In order to overcome the above mentioned limitations of static or hand-crafted context partitioning, the present invention discloses an adaptive method to determine efficient context-aware partitions which incorporates the features of the actual measurement data. According to a preferred embodiment, the method spans a map between clusters of the measurement's data and initial-subspaces of the initial context-aware partitions; the initial-subspaces are based on the context-aware labels solely.

Further mapping is conducted by observing common distributions or clusters in the measurement's data and concatenating the initial-subspaces that share similar data distributions or similar clusters into common clusters-subspaces.
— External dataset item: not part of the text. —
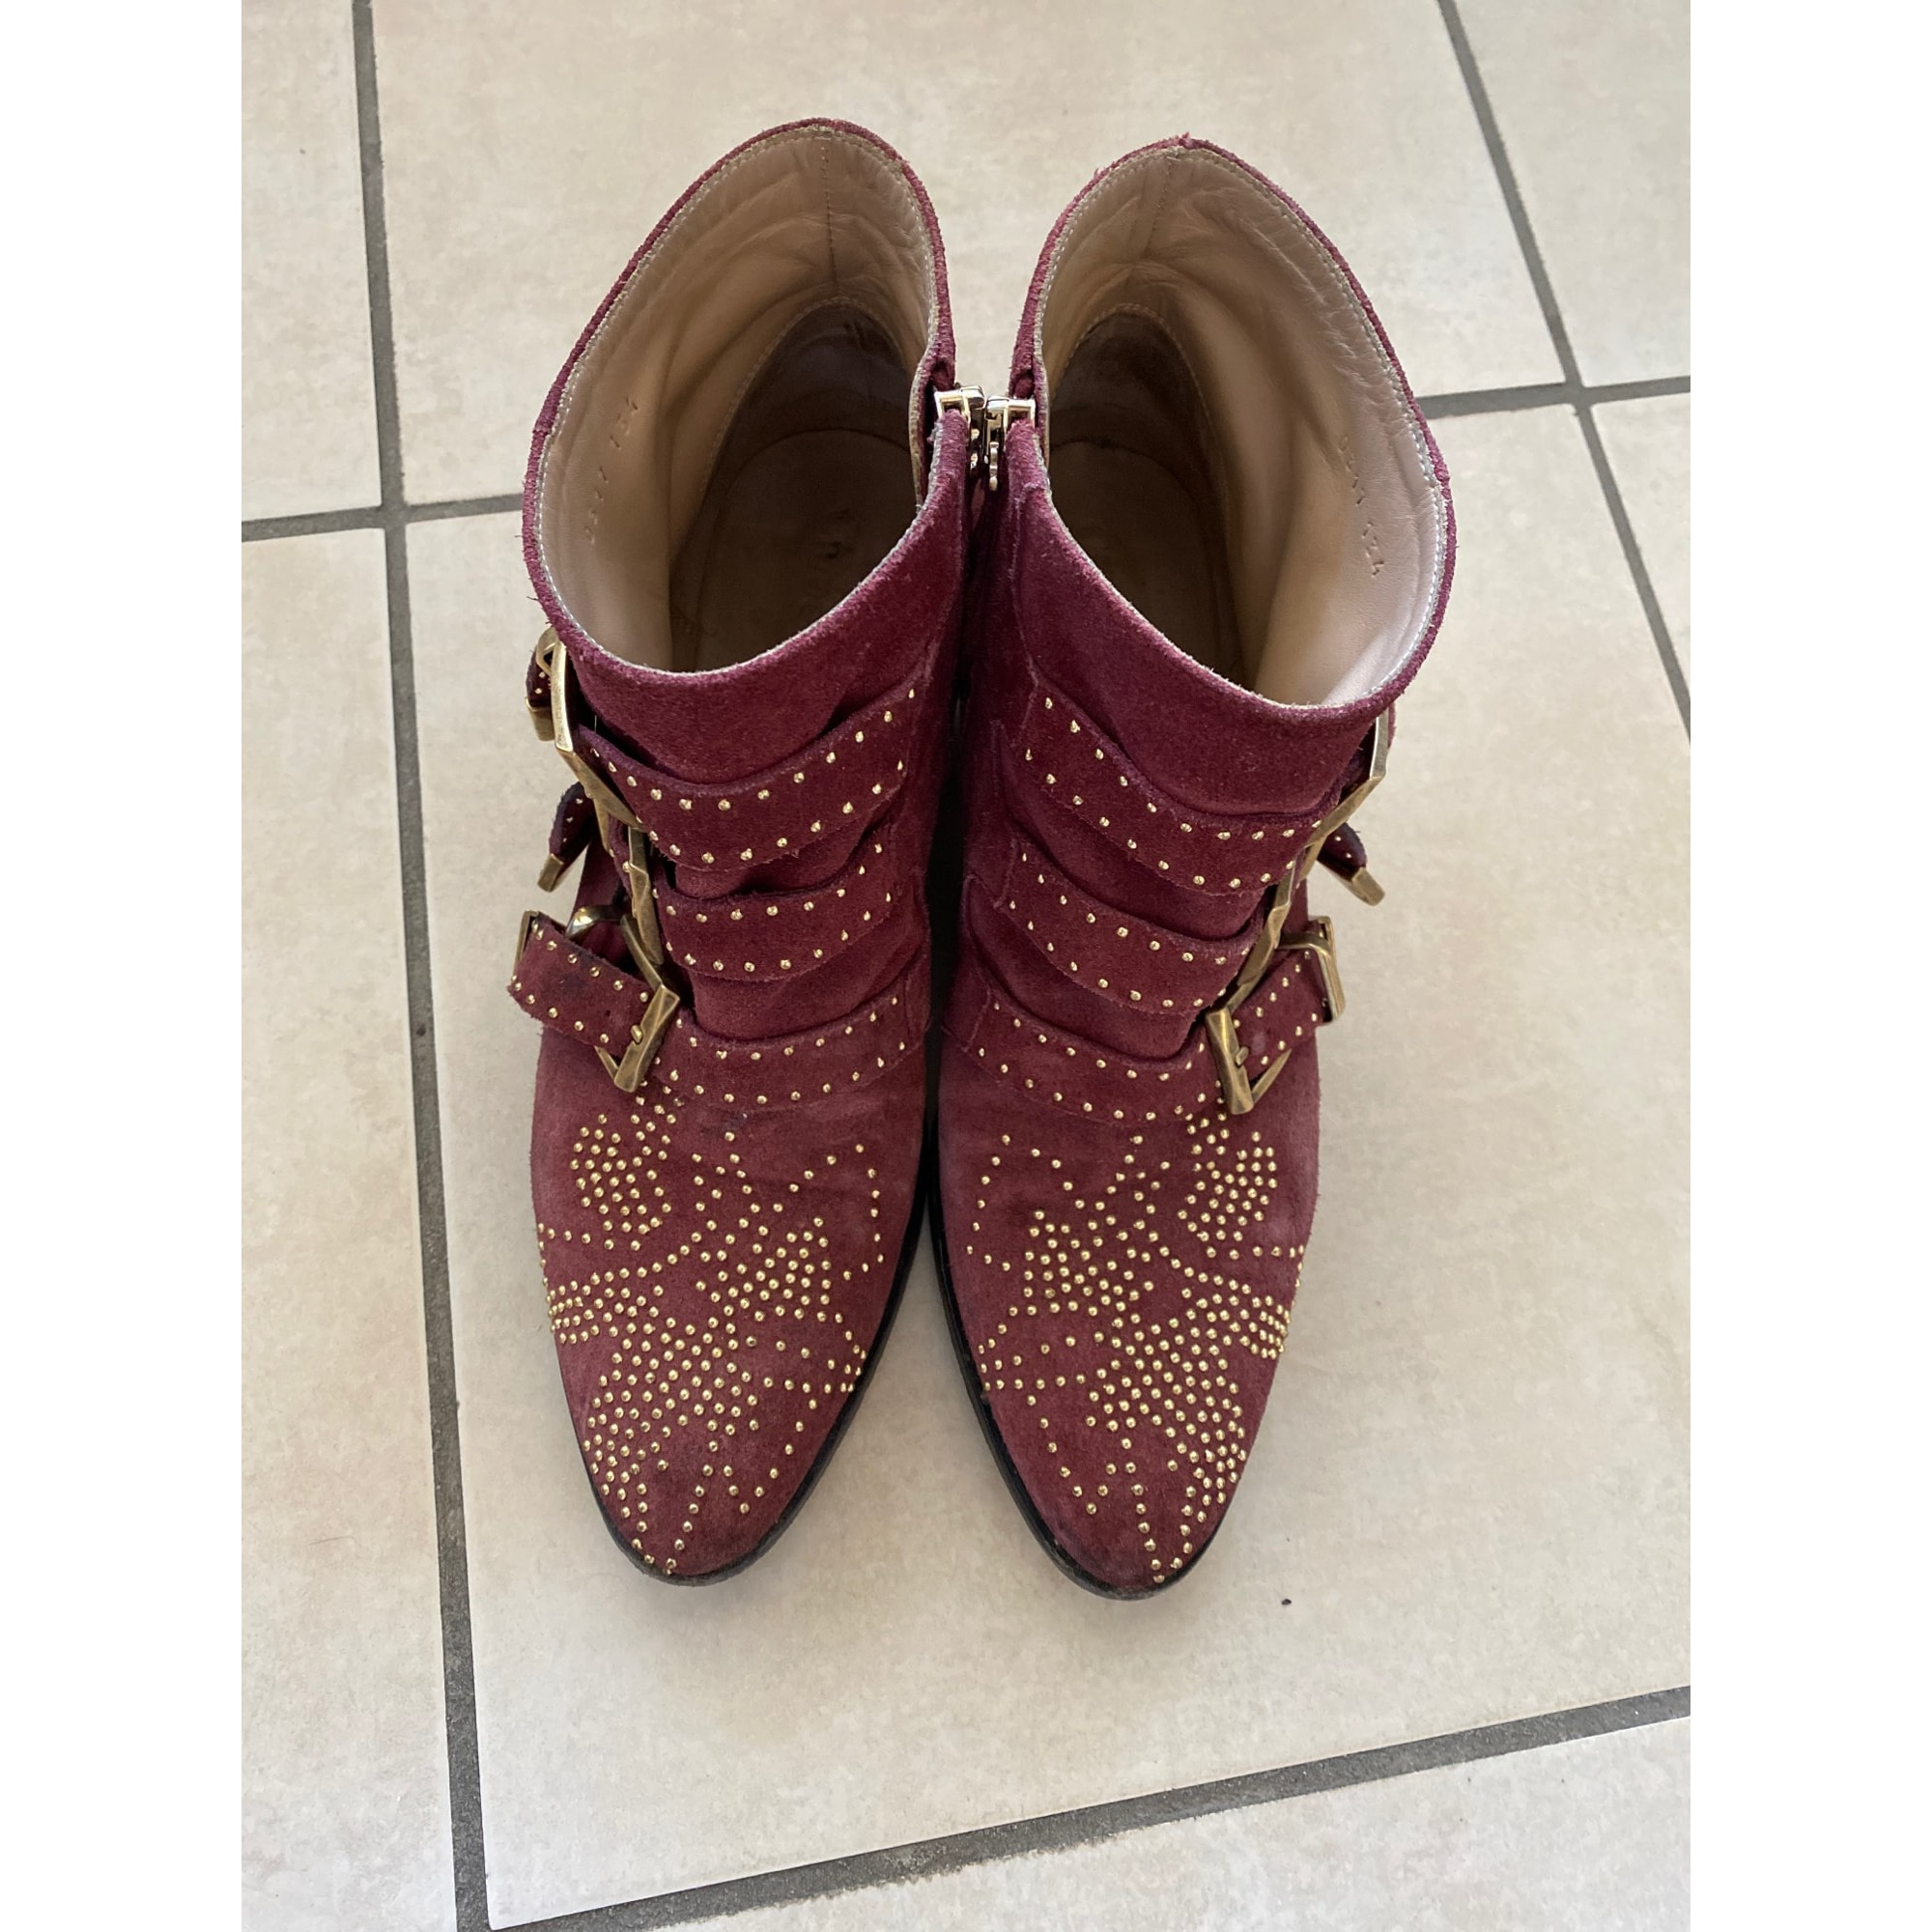 Cowboy Ankle Boots CHLOÉ Susanna Red, burgundy

In so doing, the initial context-aware subspaces are concatenated into fewer cluster-subspaces. Accordingly the amount of data available for the models' training is increased and the required memory and number of models are reduced, without the use of any manual optimization or configuration.
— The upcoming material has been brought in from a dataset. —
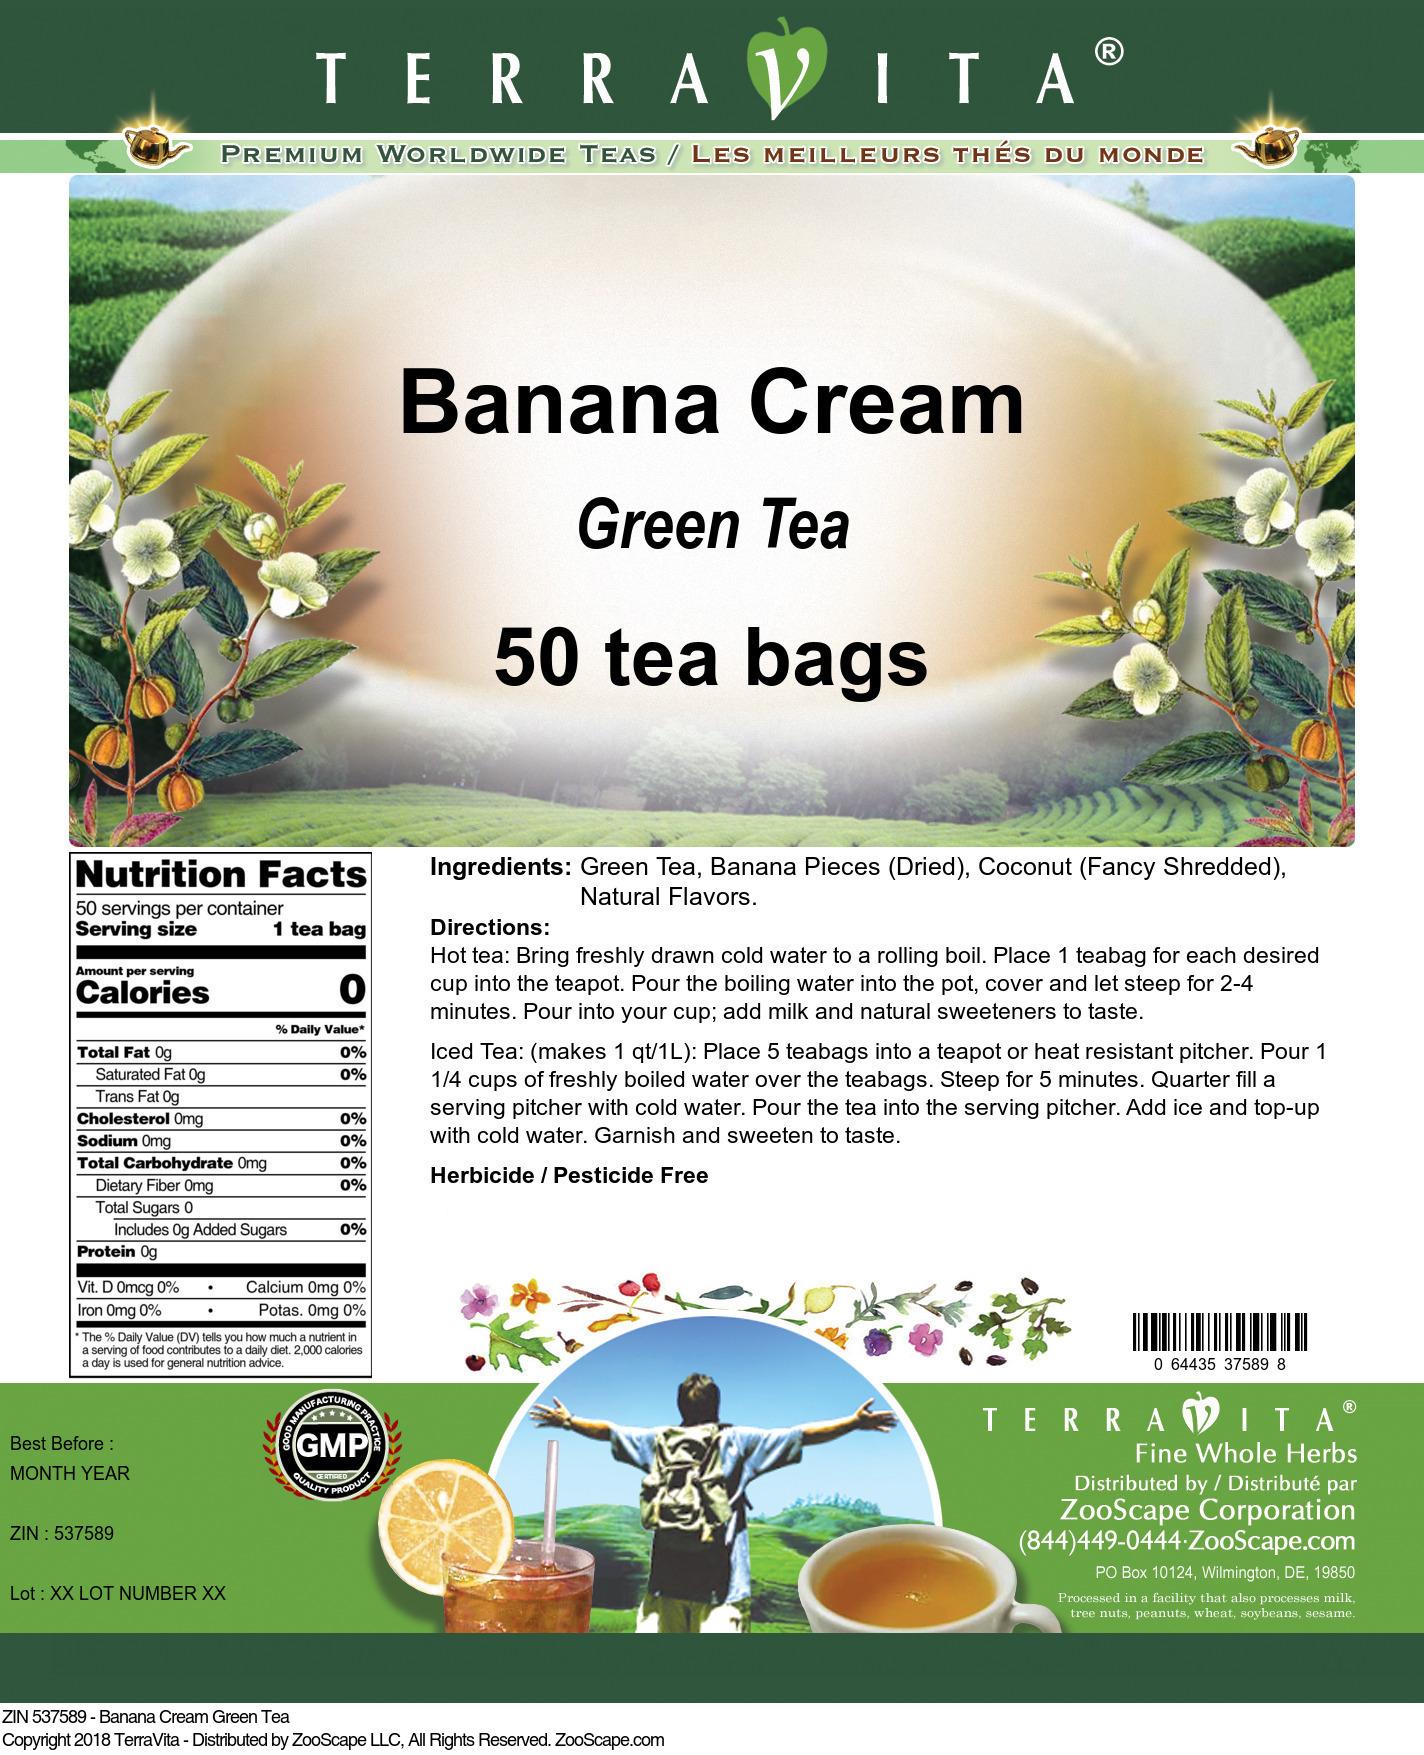 Banana Cream Green Tea

According to one embodiment of the invention the mapping method is implemented as follows:

- 1. Creating initial partitions by concatenation of predetermined similar context variables (e.g. day and minute: Monday_3_27) of the data-segments which can be represented by feature vectors, thereby creating initial-subspaces;
- 2. Clustering the feature vectors (of the data-segments) using an unsupervised clustering method (e.g. K-Means) to feature-clusters; and
- 3. For each of the initial subspaces, decide responsive to a fit-criteria whether:
  - a. the initial-subspace is mapped to one of the feature-clusters that is identified by a cluster id, if it is well represented by that cluster; or
  - b. the initial-subspace is preserved if its measurement data cannot be represented properly by any of the feature-clusters.
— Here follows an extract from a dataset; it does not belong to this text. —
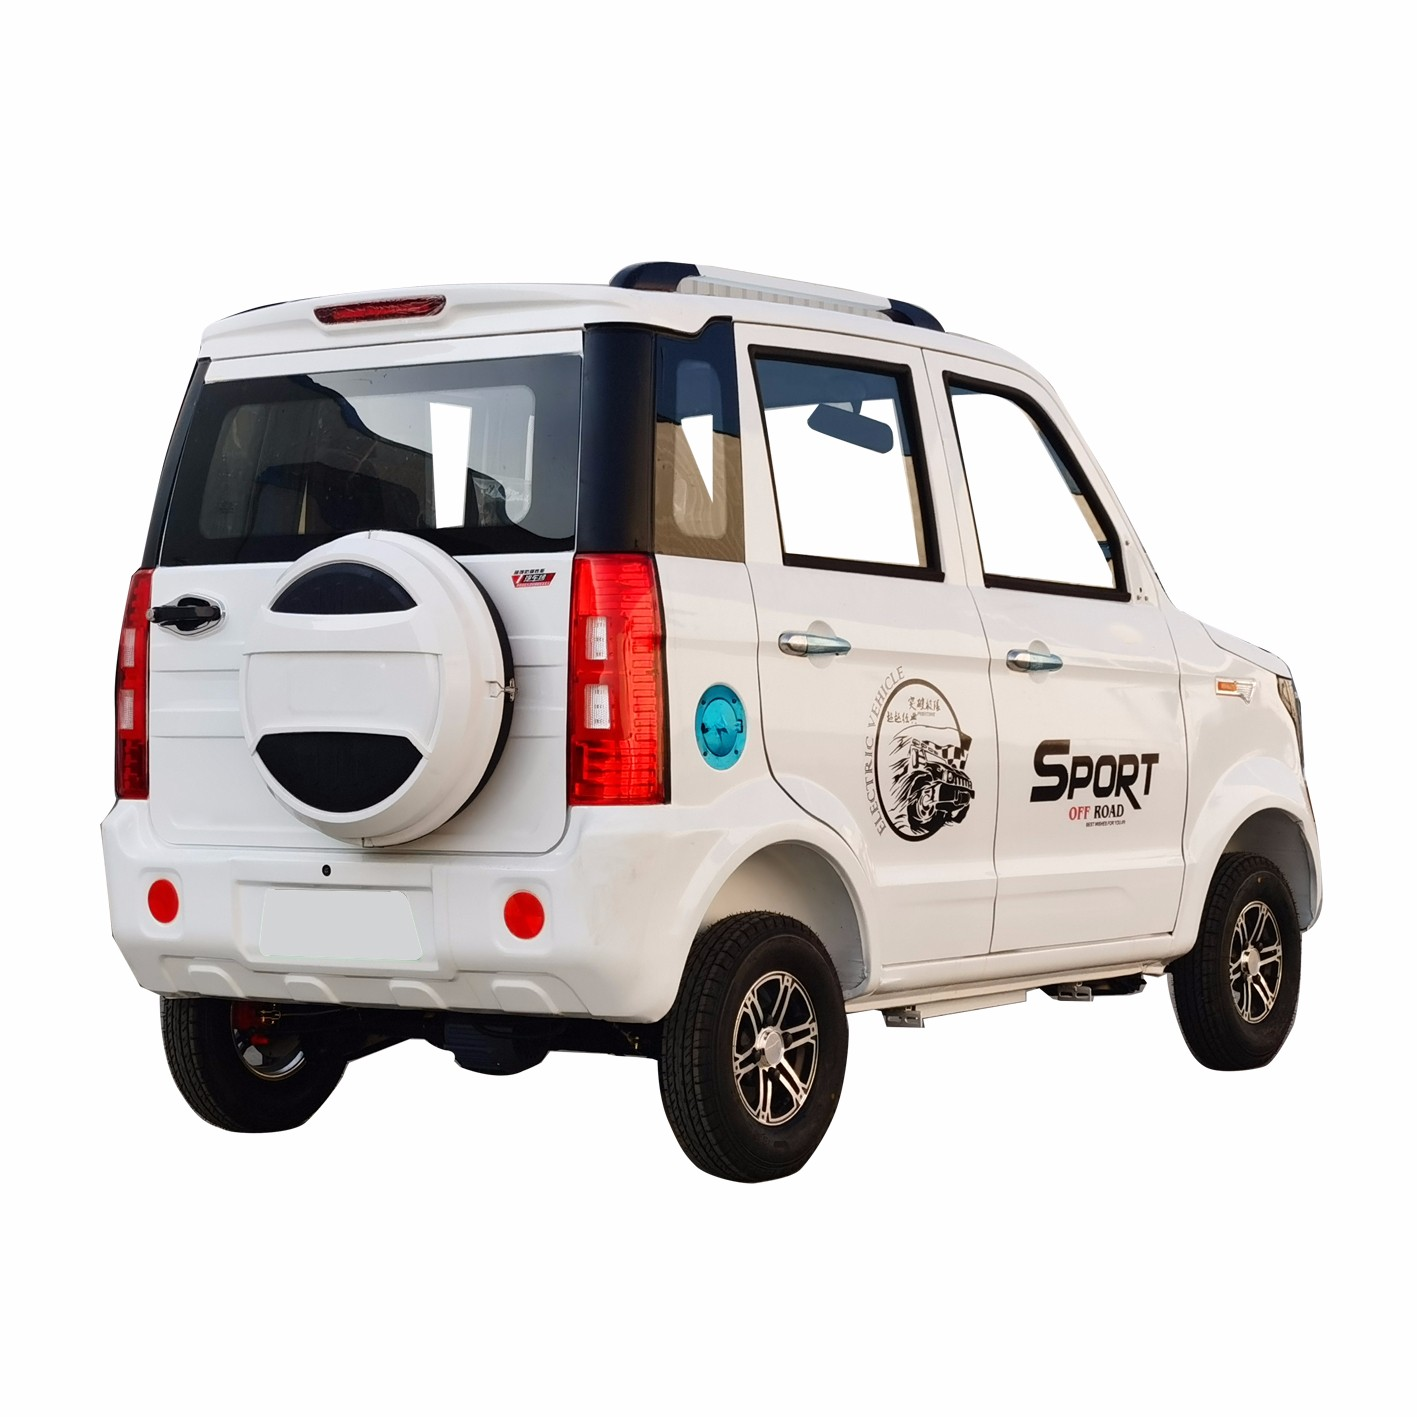 Low Speed Jeep Shape electric car Manufacturers, Low Speed Jeep Shape electric car Factory, Supply Low Speed Jeep Shape electric car

According to another embodiment of the invention, the mapping is implemented as follows:

- 1. Collecting plurality of data-segments (e.g., one minute data intervals), each having at least one context-label;
- 2. Extracting a concise feature-vector for each of the data-segments, using at least one of: principle component analysis (PCA), independent component analysis, minimum noise fraction, random forest embedding, non-negative matrix factorization and any combination thereof;
- 3. Gathering the extracted feature-vectors into initial-subspaces, responsive to predetermined similarity in their related context-labels (e.g. day and minute: Monday_3_27);
- 4. Clustering the feature-vectors into feature-clusters, using at least one unsupervised clustering method selected of: K-means nearest neighbor, density-based spatial clustering of applications with noise (DBSCAN), hierarchical clustering. Gaussian mixture and any combination thereof;
- 5. Training an association-map between the initial-subspaces and the feature-clusters, according to a predetermined fit criteria by:
  - a. linking an initial-subspace to at least one of the feature-clusters, responsive to compliance with the fit criteria; or,
  - b. if an initial-subspace is not linked to any of the existing feature-clusters,
    - i. defining the initial-subspace as a new feature-cluster; or,
    - ii. re-gathering the initial-subspaces, as in (1); or,
    - iii. re-clustering the feature-clusters, as in (4);
- 6. Concatenating the initial-subspaces into feature-subspaces, responsive to being associated to similar feature-clusters, thereby obtaining a generalized-association-map;
- 7. Detecting an anomaly of a new feature-vector (of a new data-segment), responsive to deviating from the generalized-association-map;
- 8. If no anomaly is detected for the new feature-vector, associating the new feature-vector with at least one of the feature-clusters; thereby further training the generalized-association-map.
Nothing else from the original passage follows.